Denmark elects first female prime minister

GlobalPost

Denmark has elected its first female prime minister, Helle Thorning-Schmidt, the leader of the center-left Social Democrat Party. The election ends a decade of rule by outgoing Prime Minister Lars Loekke Rasmussen’s right-wing government.

“Today is the day things change in Denmark,” Thorning-Schmidt said at a party rally in Copenhagen, Bloomberg Businessweek reports. “This evening we’ve shown that the Social Democrats are a big and driving force in Denmark. We’ve written history today.”’

Thorning-Schmidt’s Social Democrat-led bloc has won 92 seats in the country’s 179-seat parliament, according to Bloomberg Businessweek, with more than 99 percent of the votes counted. Outgoing Prime Minister Lars Loekke Rasmussen’s group will have 87 seats.

Thorning-Schmidt told voters she would increase public spending and raise taxes on banks and the wealthy. The outgoing government had promoted tough immigration laws and pro-market reforms.

Bloomberg Businessweek reports:

Announcing the election on Aug. 26, Rasmussen evoked the specter of a deepening European fiscal crisis and warned voters they face a “clear choice: uncontrolled debt or sustainable welfare.” Thorning-Schmidt said the same day the state needs to deploy more public funds, arguing that “without growth we can’t pay down our debt, and without growth there’s no money for welfare.”
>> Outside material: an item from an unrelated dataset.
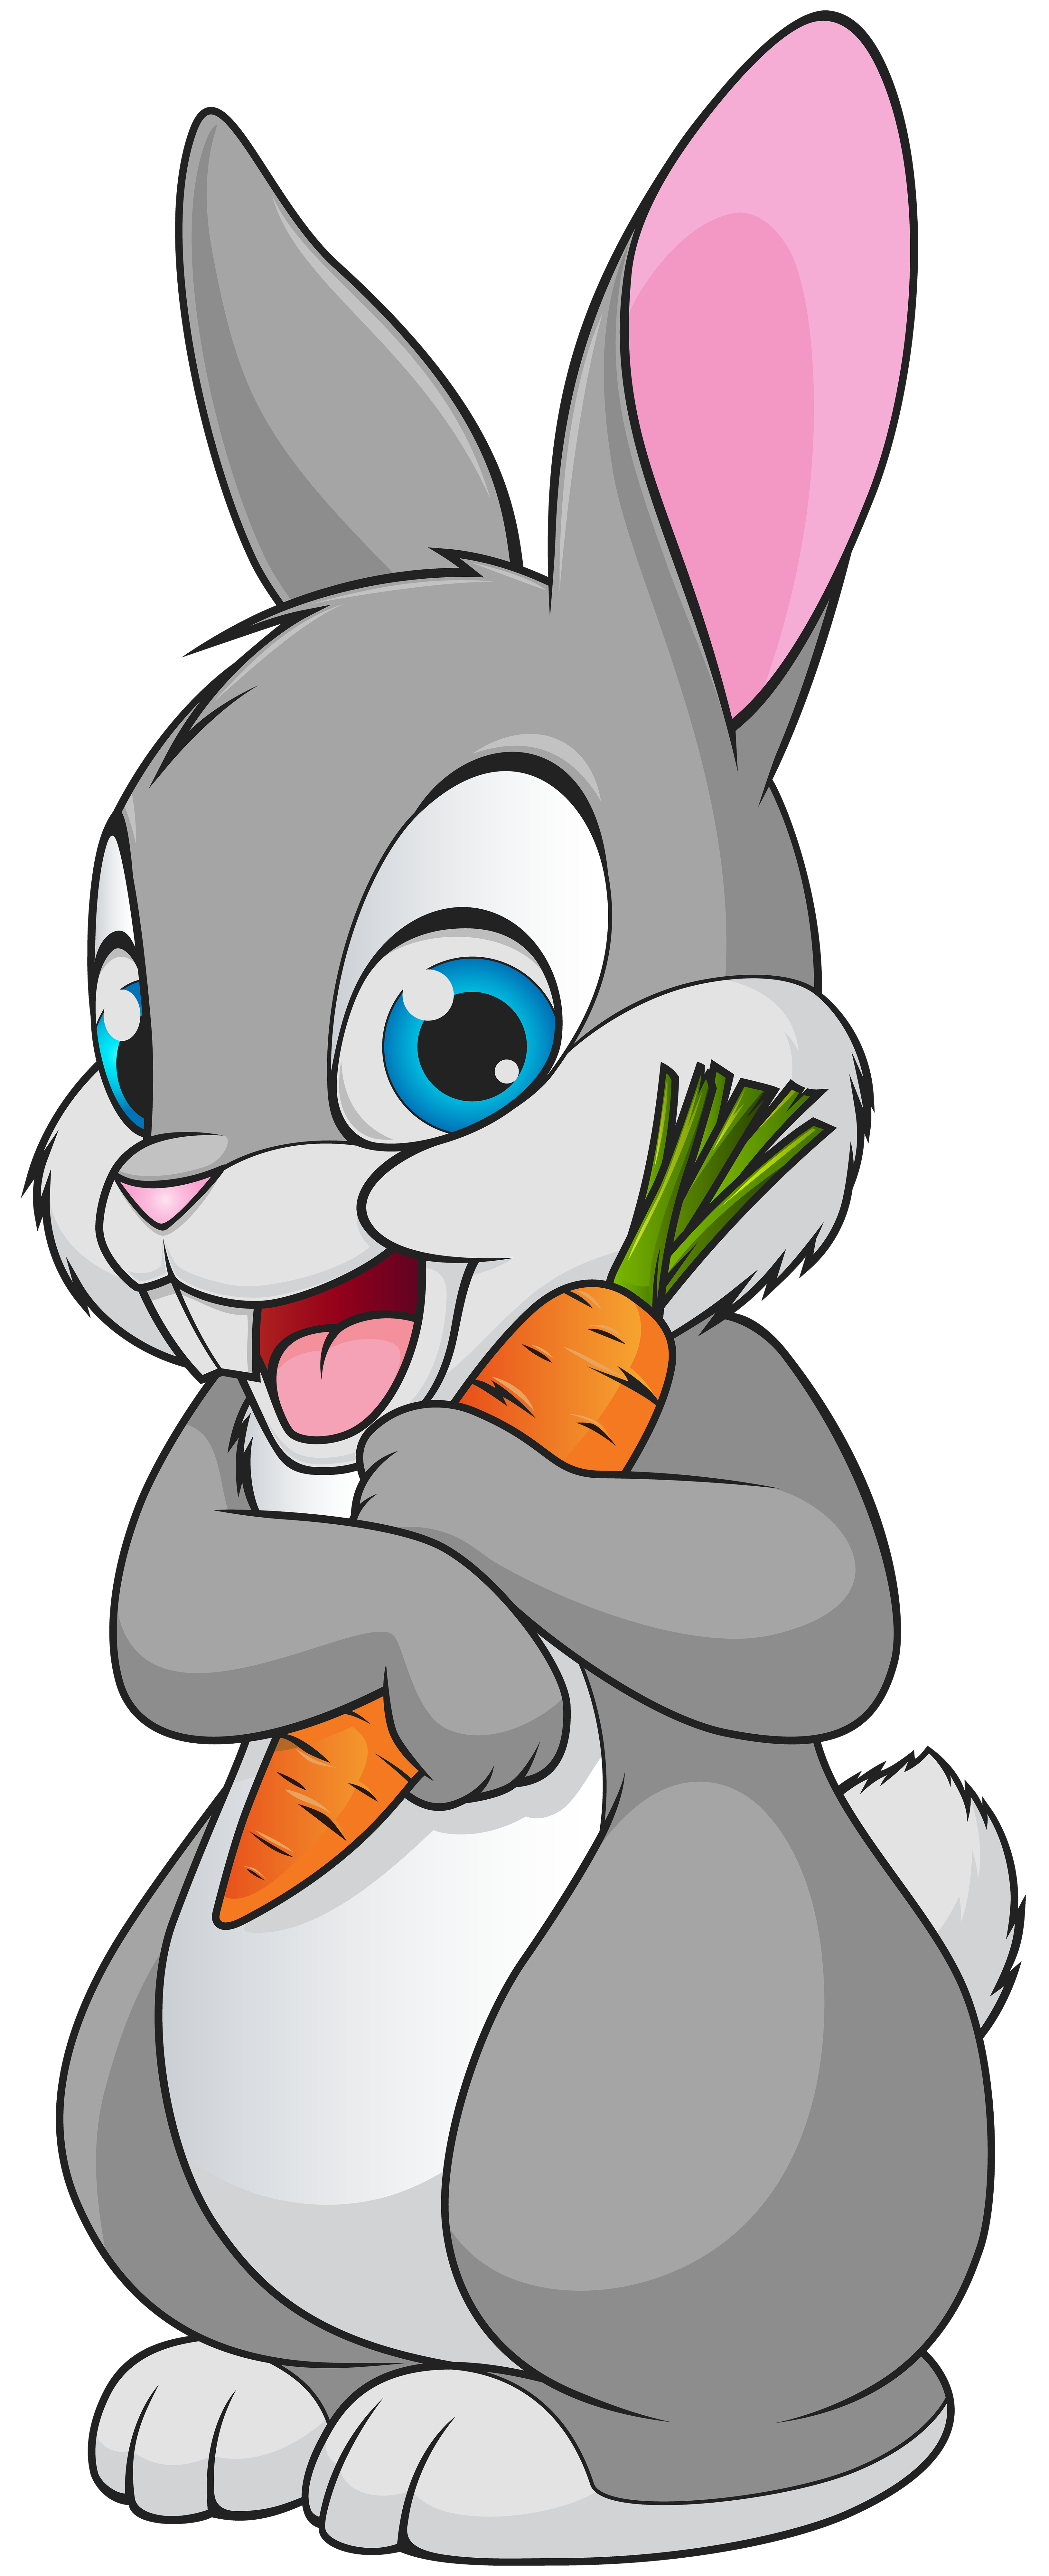 Cute Bunny Cartoon Transparent Clip Art Image​ | Gallery Yopriceville -  High-Quality Free Images and Transparent PNG Clipart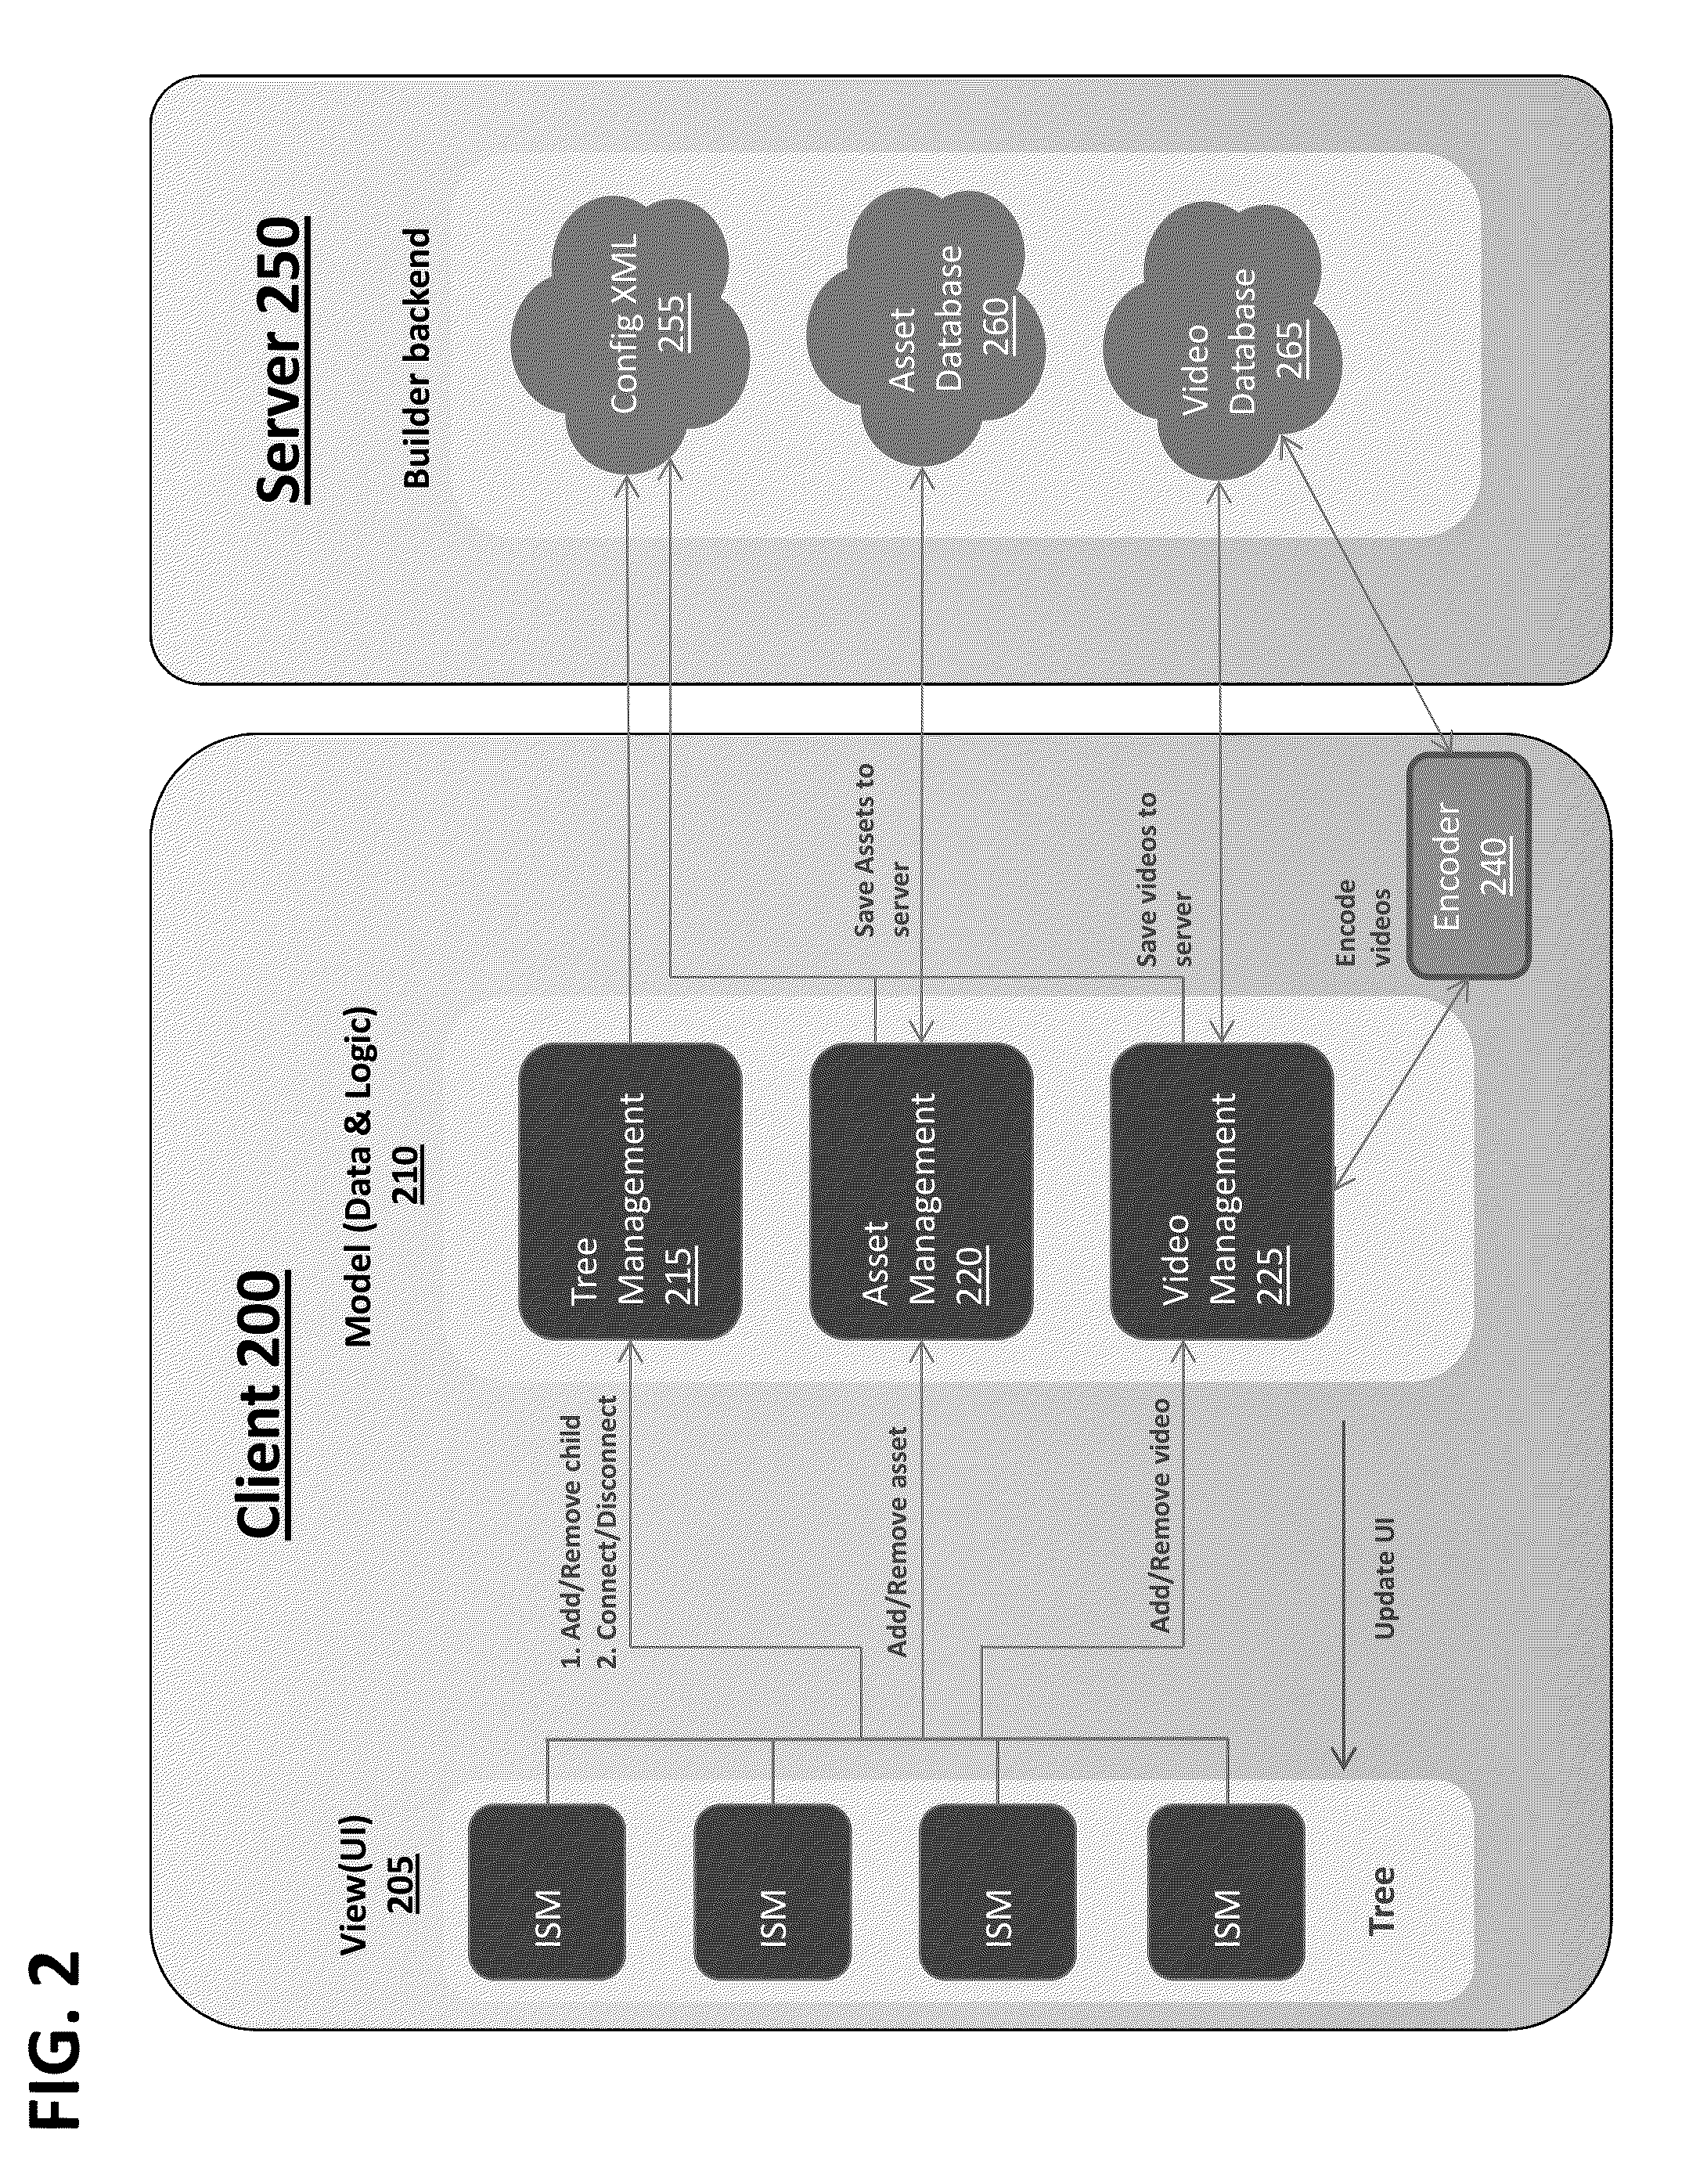 Systems and methods for constructing multimedia content modules

One Thorning-Schmidt proposal that caught the public’s attention: She said she would make everyone work 12 minutes more per day, which would add up to an extra hour of productivity each week and spark economic growth, Reuters reports.

Thorning-Schmidt, 44, is married to Stephen Kinnock, the son of British Labor Party politicians Neil and Glenys Kinnock, BBC News reports.

According to Reuters:

On her way to the top, Thorning-Schmidt fought to shake off an image in the media of an upper-class blonde socialist with expensive handbags and the nickname "Gucci Helle."

The nickname infuriated the normally composed Thorning-Schmidt, who once replied to one critical colleague: "Don't call me 'Gucci' just because I'm not walking around looking like a sack of shit like you."

She defended sending her eldest daughter to private school and battled with the Danish media for prying into her and her husband Stephen Kinnock's tax affairs.

"Tonight I hand over the keys to the prime minister's office to Helle Thorning-Schmidt,” Rasmussan said, according to BBC News. “And dear Helle, take good care of them. You're only borrowing them."